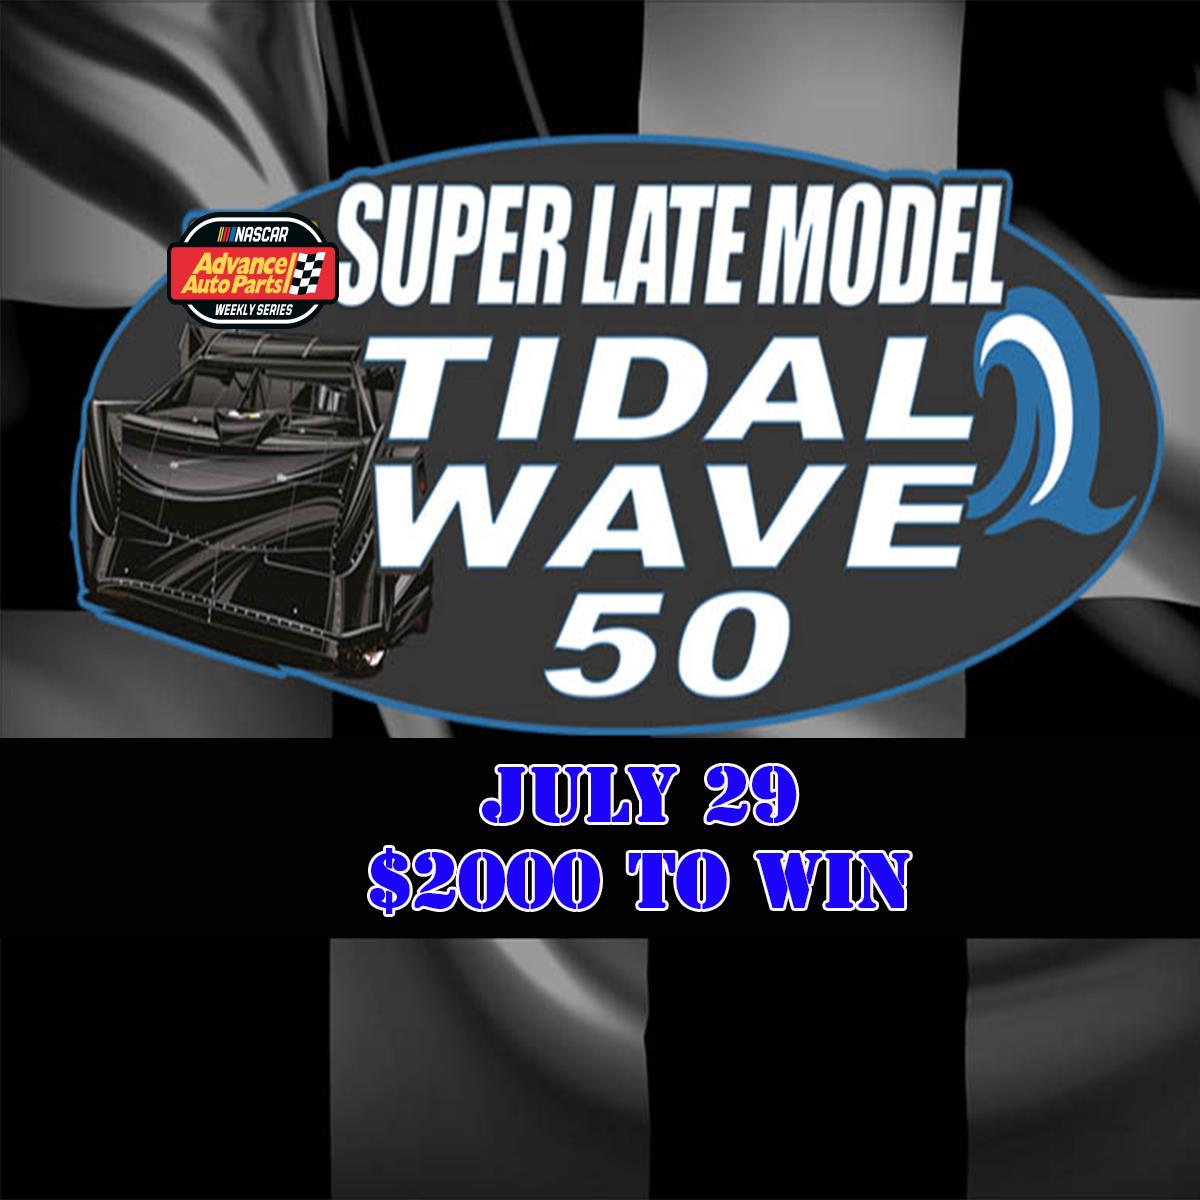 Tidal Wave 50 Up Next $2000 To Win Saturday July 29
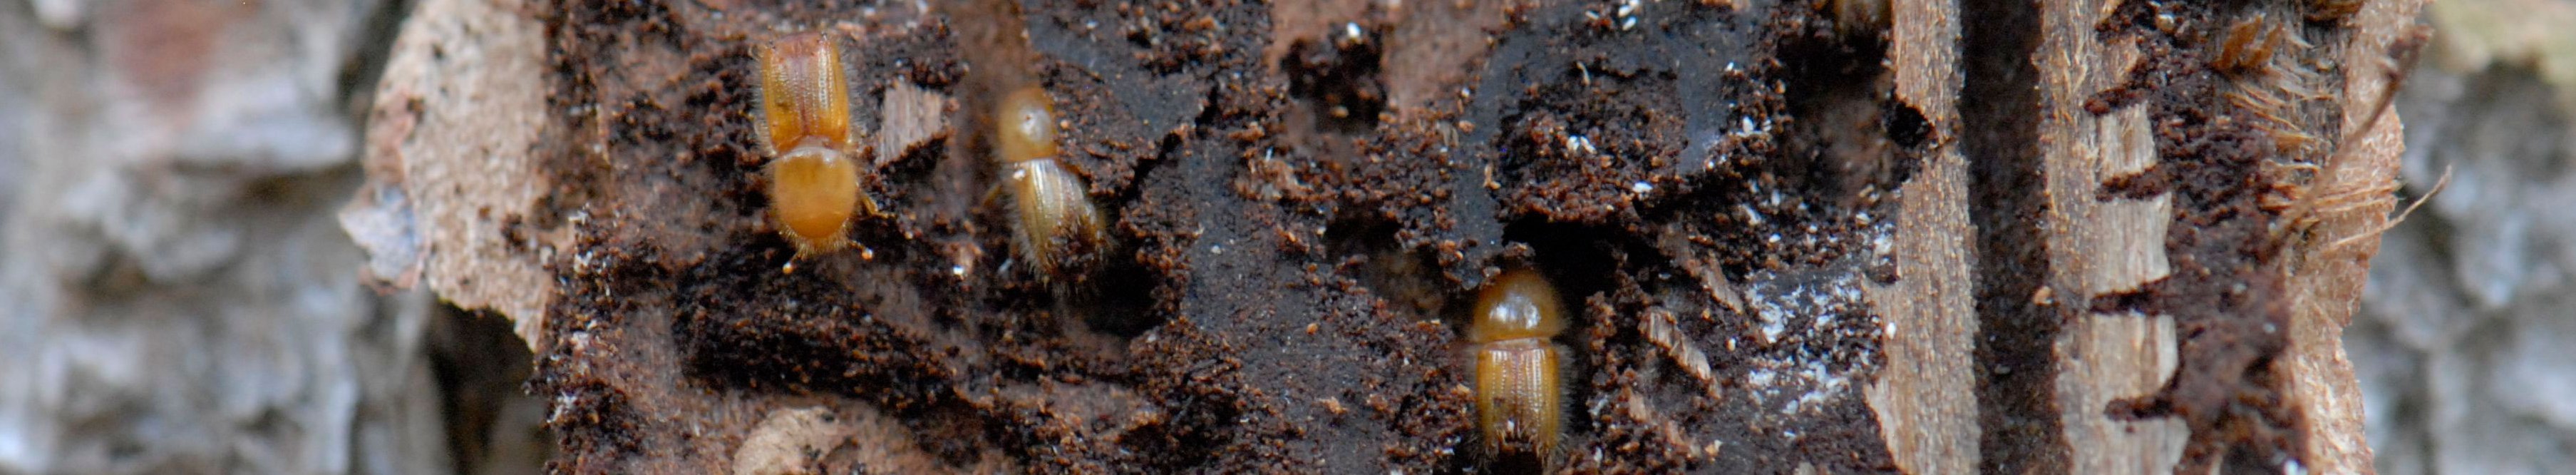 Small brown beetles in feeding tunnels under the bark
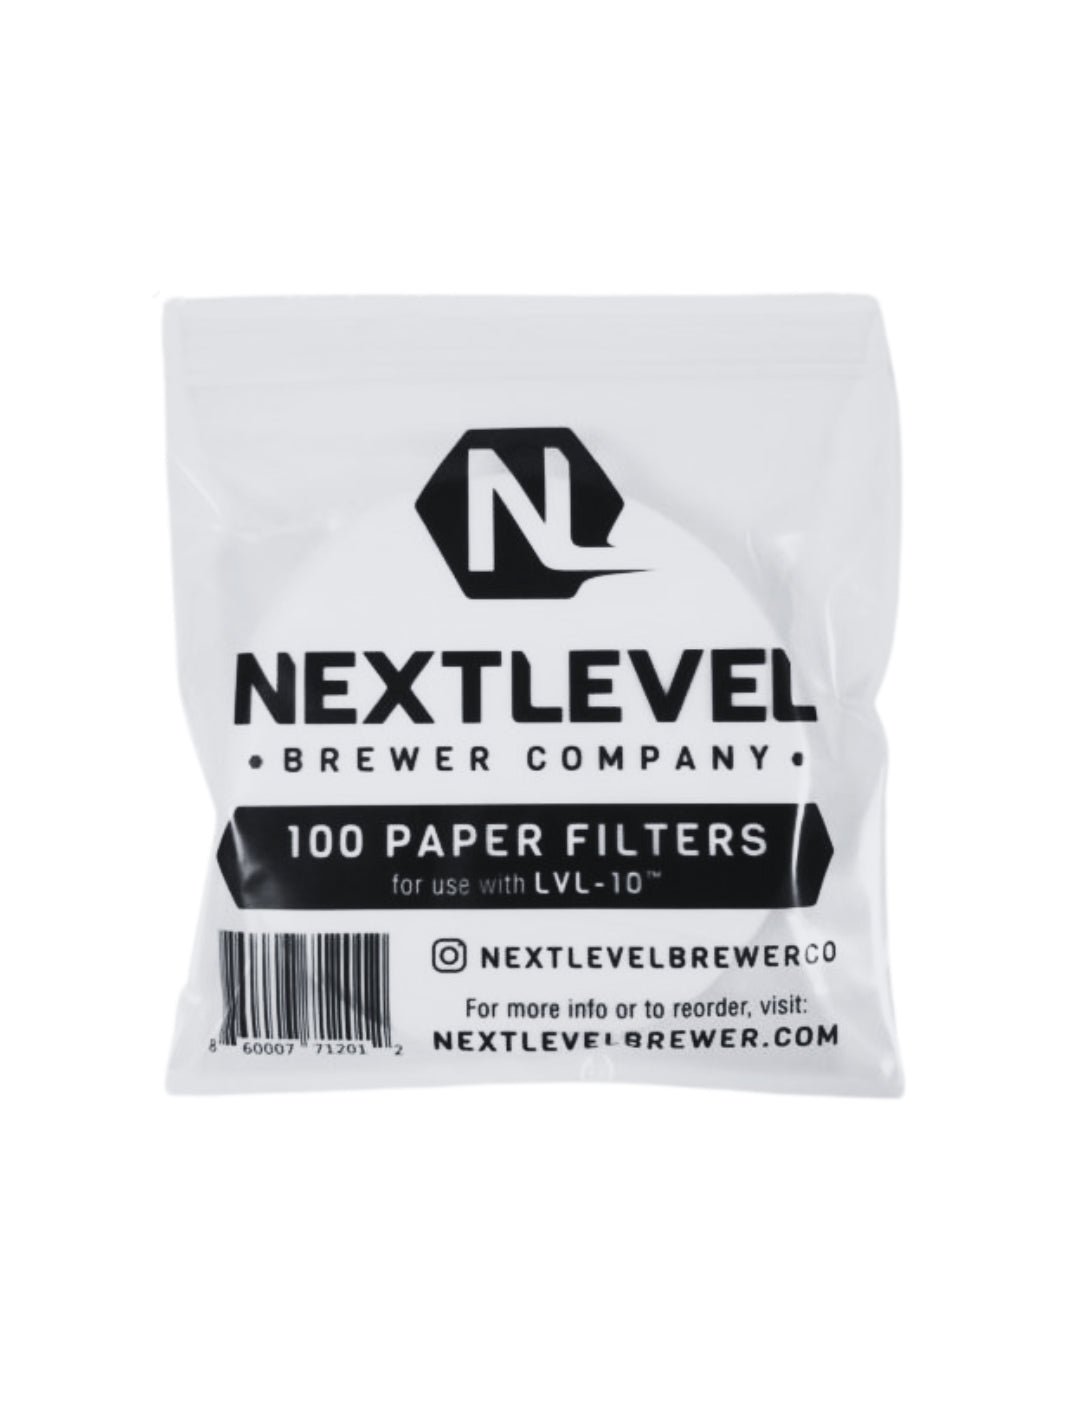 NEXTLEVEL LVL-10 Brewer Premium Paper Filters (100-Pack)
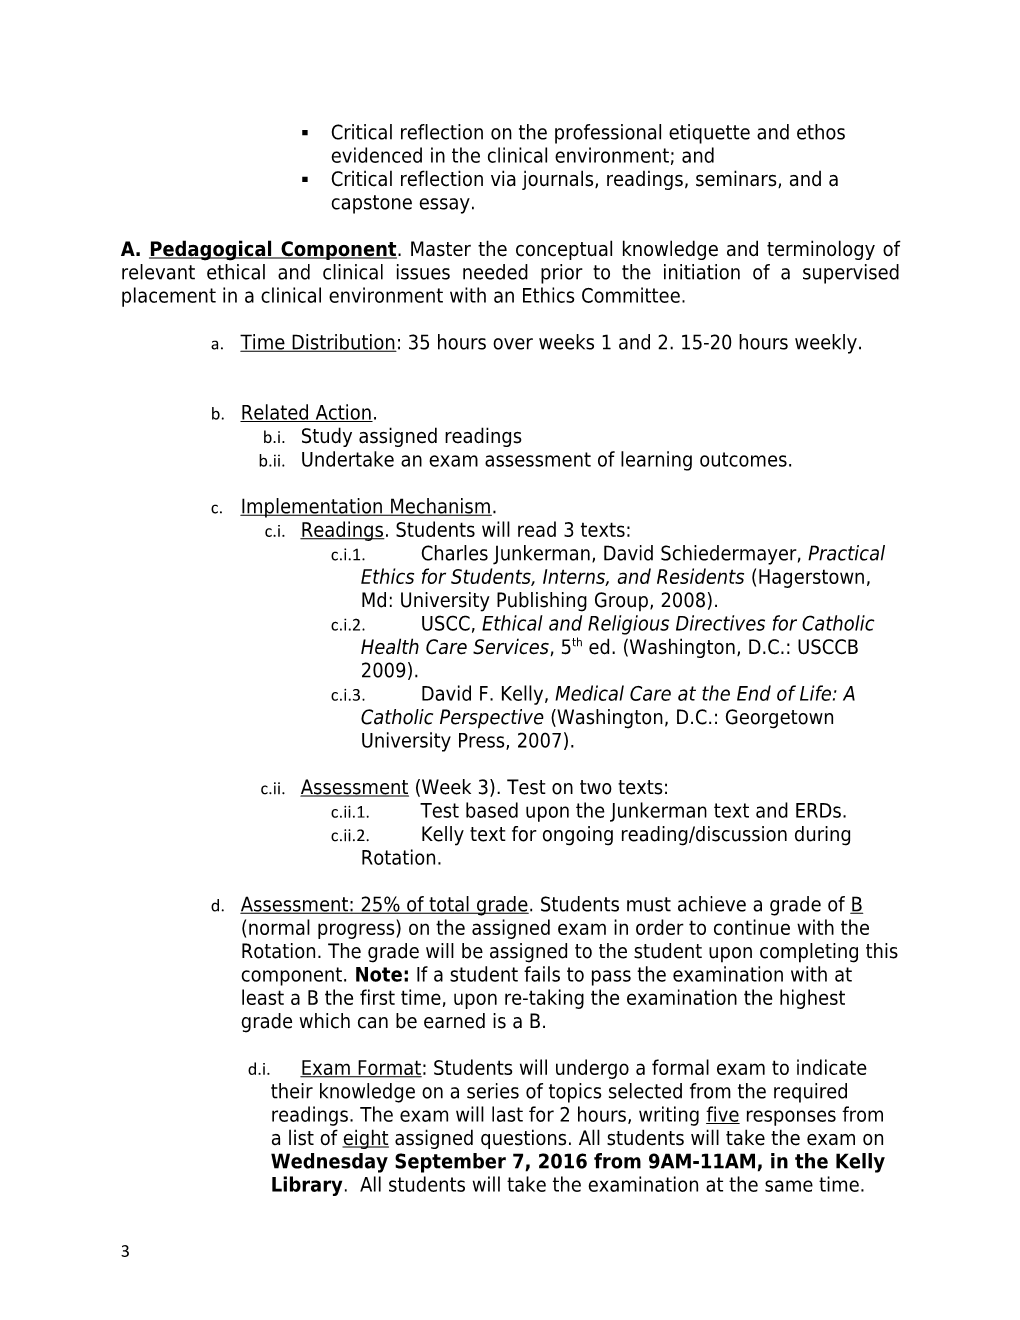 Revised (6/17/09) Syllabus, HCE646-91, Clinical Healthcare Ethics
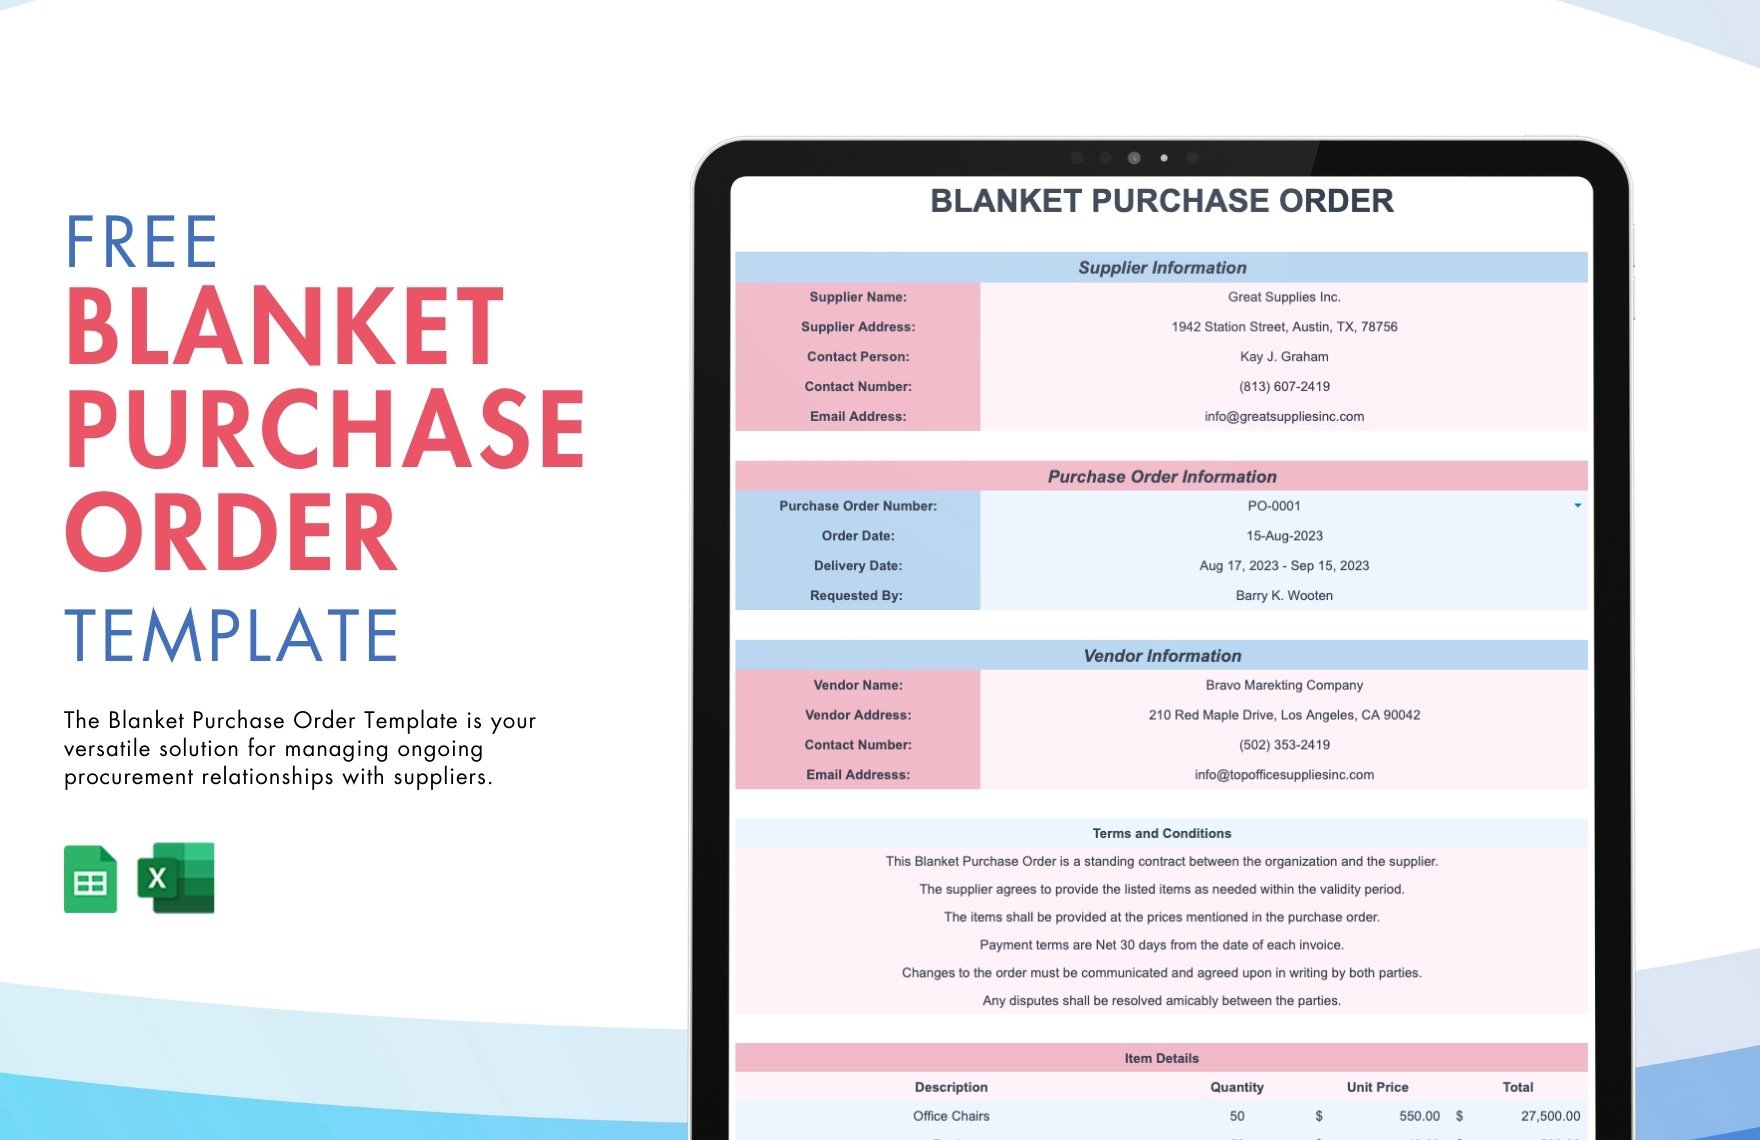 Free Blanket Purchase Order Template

* Work instructions *
Of the entries above, print exactly those lines that run from the one containing "Revised (6/17/09) Syllabus, HCE646-91, Clinical" through the last line, excluding any pictures.

* Task result *
 Revised (6/17/09) Syllabus, HCE646-91, Clinical Healthcare Ethics
 Free Blanket Purchase Order Template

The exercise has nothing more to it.